它是python内置的HTTP请求库,使用它发送Request。它主要包含如下几个基本模块:php
虽然urllib库是python的内置库,可是仍然须要导入。导入后能够直接使用urllib.request.urlopen()函数直接向服务器发送Request。Request中含有data数据时是POST请求,不然为GET请求。详细代码以下:html
urllib.request.urlopen(url, data=None, [timeout, ]*, cafile=None, capath=None, cadefault=False, context=None)#urlopen函数形式,主要使用前三个参数 #GET请求 import urllib.request #导入相应的库 response = urllib.request.urlopen('http://www.baidu.com') #发送Request print(response.read().decode('utf-8')) '''打印相关请求,关于网页的编码格式若是常见的仍然没法编译,查看网页源代码,在head的第一行charset属性中可能会有相应信息。''' # POST请求 import urllib.parse import urllib.request data = bytes(urllib.parse.urlencode({'word': 'hello'}), encoding='utf8') #POST请求比GET多了一个data文件 response = urllib.request.urlopen('http://httpbin.org/post', data=data) print(response.read()) #设置延迟时间 import socket import urllib.request import urllib.error try: response = urllib.request.urlopen('http://httpbin.org/get', timeout=0.1)#反应时间0.1s except urllib.error.URLError as e: if isinstance(e.reason, socket.timeout):#判断错误类型 print('TIME OUT')
urlopen()
可以发送Request,可是没法直接进行更多的设置,如设置请求头等。这时候能够先声明一个Request对象,而后传入相应的信息,最后将Request对象传入给urlopen()
.python
from urllib import request, parse #导入相应的包 url = 'http://httpbin.org/post' #网址 headers = { 'User-Agent': 'Mozilla/4.0 (compatible; MSIE 5.5; Windows NT)', 'Host': 'httpbin.org' } #设置请求头 dict = { 'name': 'Germey' }#设置DataFrom信息 data = bytes(parse.urlencode(dict), encoding='utf8')#将DataFrom信息编译成二进制流 req = request.Request(url=url, data=data, headers=headers, method='POST')#构建Request类 #若是req中缺乏header时,urllib提供了add_header方法 req.add_header('User-Agent', 'Mozilla/4.0 (compatible; MSIE 5.5; Windows NT)') response = request.urlopen(req)#传入urlopen print(response.read().decode('utf-8'))#打印
对于服务器发送的相应体,咱们能够获取其类型、状态码和响应头。浏览器
import urllib.request response = urllib.request.urlopen('https://www.python.org') print(type(response))#获取相应类型 print(response.status)# 获取状态码 print(response.getheaders())#获取响应头 print(response.getheader('Server'))#获取相应头的中的参数 print(response.read().decode('utf-8'))#打印相应体
除了正常的Request内容以外,urllib提供不少附加功能,一般使用handler实现。服务器
设置代理须要首先床架ProxyHandler,再将其构建为一个opener,使用open()
方法打开。上文中urlopen()
内部一样是构建一个opener,而后使用open()
打开网页。cookie
import urllib.request proxy_handler = urllib.request.ProxyHandler({ 'http': 'http://127.0.0.1:9743', 'https': 'https://127.0.0.1:9743' }) opener = urllib.request.build_opener(proxy_handler) response = opener.open('http://httpbin.org/get') print(response.read())
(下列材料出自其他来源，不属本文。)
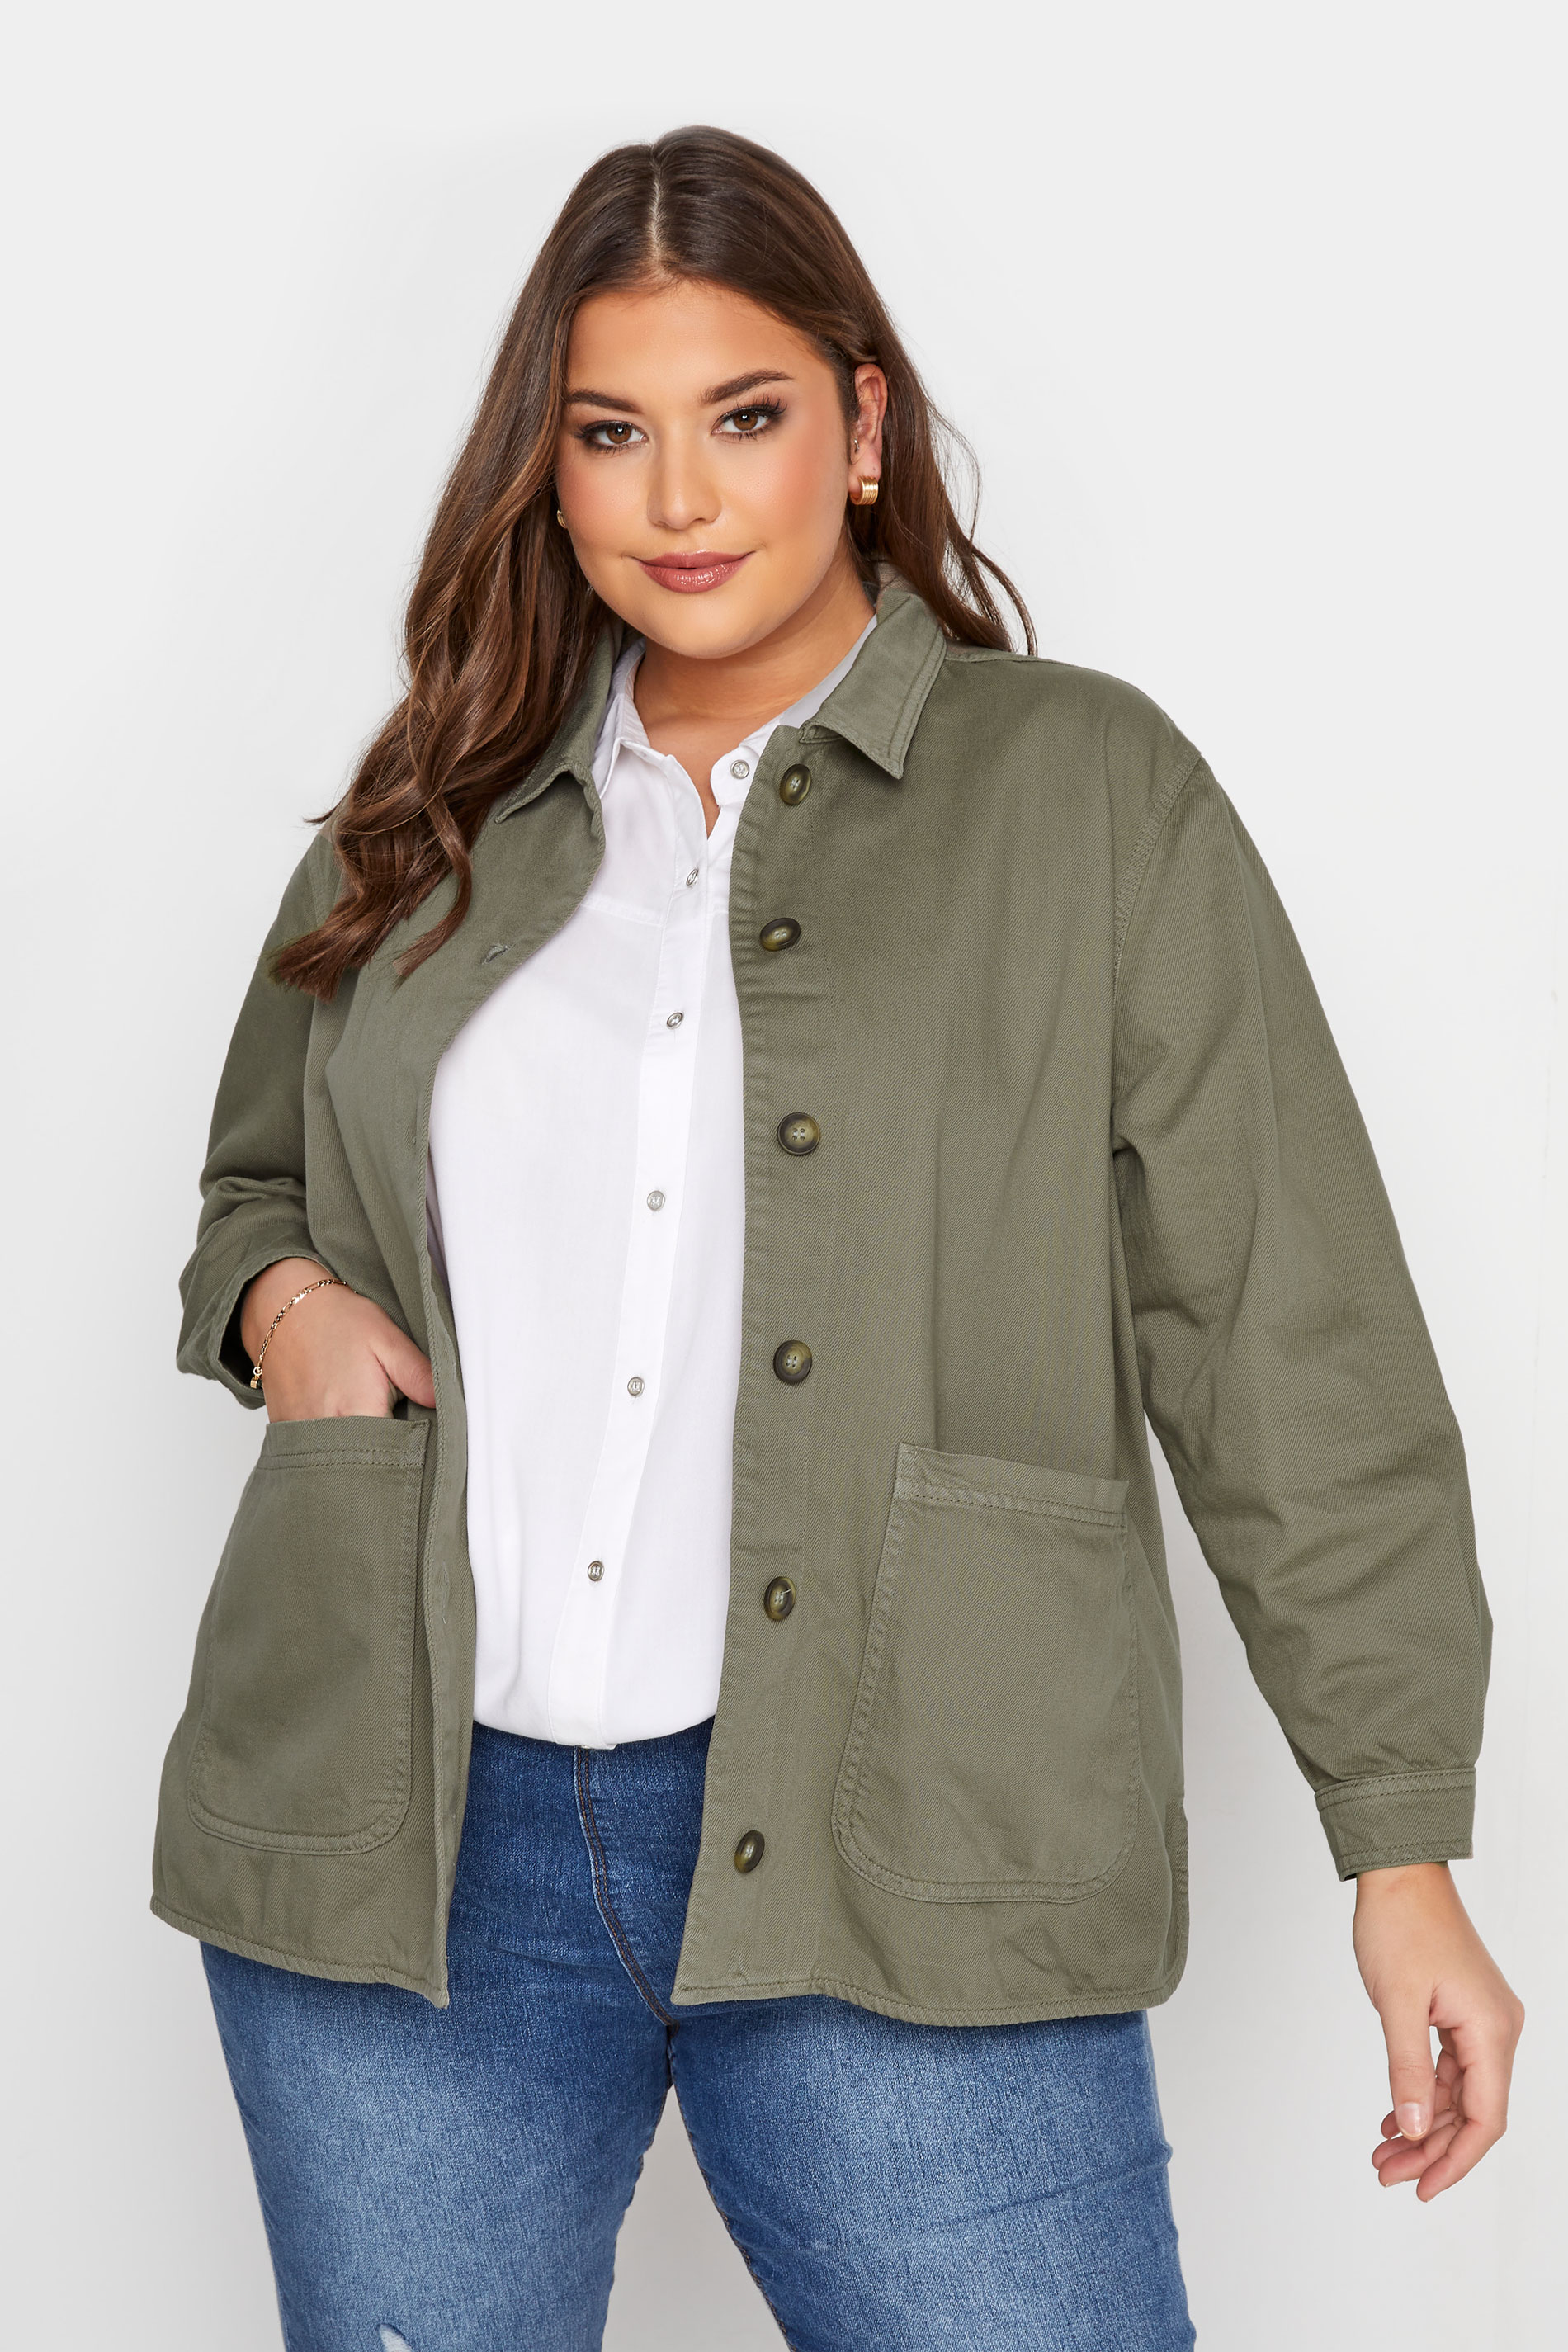 Plus Size Khaki Green Button Through Jacket | Yours Clothing

Cookie用来维持网页登录状态,用于爬取须要登录的网站。常见的Cookie设置格式以下:socket
import http.cookiejar, urllib.request cookie = http.cookiejar.CookieJar() #首先建立一个CookieJar类 handler = urllib.request.HTTPCookieProcessor(cookie)#借助handler处理Cookie opener = urllib.request.build_opener(handler)#构建opener response = opener.open('http://www.baidu.com')#打开网页 for item in cookie: print(item.name+"="+item.value)#打印出Cookie的值 import http.cookiejar, urllib.request filename = "cookie.txt" cookie = http.cookiejar.MozillaCookieJar(filename)#火狐浏览器格式存储cookie handler = urllib.request.HTTPCookieProcessor(cookie) opener = urllib.request.build_opener(handler) response = opener.open('http://www.baidu.com') cookie.save(ignore_discard=True, ignore_expires=True)#保存 import http.cookiejar, urllib.request cookie = http.cookiejar.LWPCookieJar()#是用另外一种格式存储 cookie.load('cookie.txt', ignore_discard=True, ignore_expires=True)#加载Cookie handler = urllib.request.HTTPCookieProcessor(cookie) opener = urllib.request.build_opener(handler) response = opener.open('http://www.baidu.com') print(response.read().decode('utf-8'))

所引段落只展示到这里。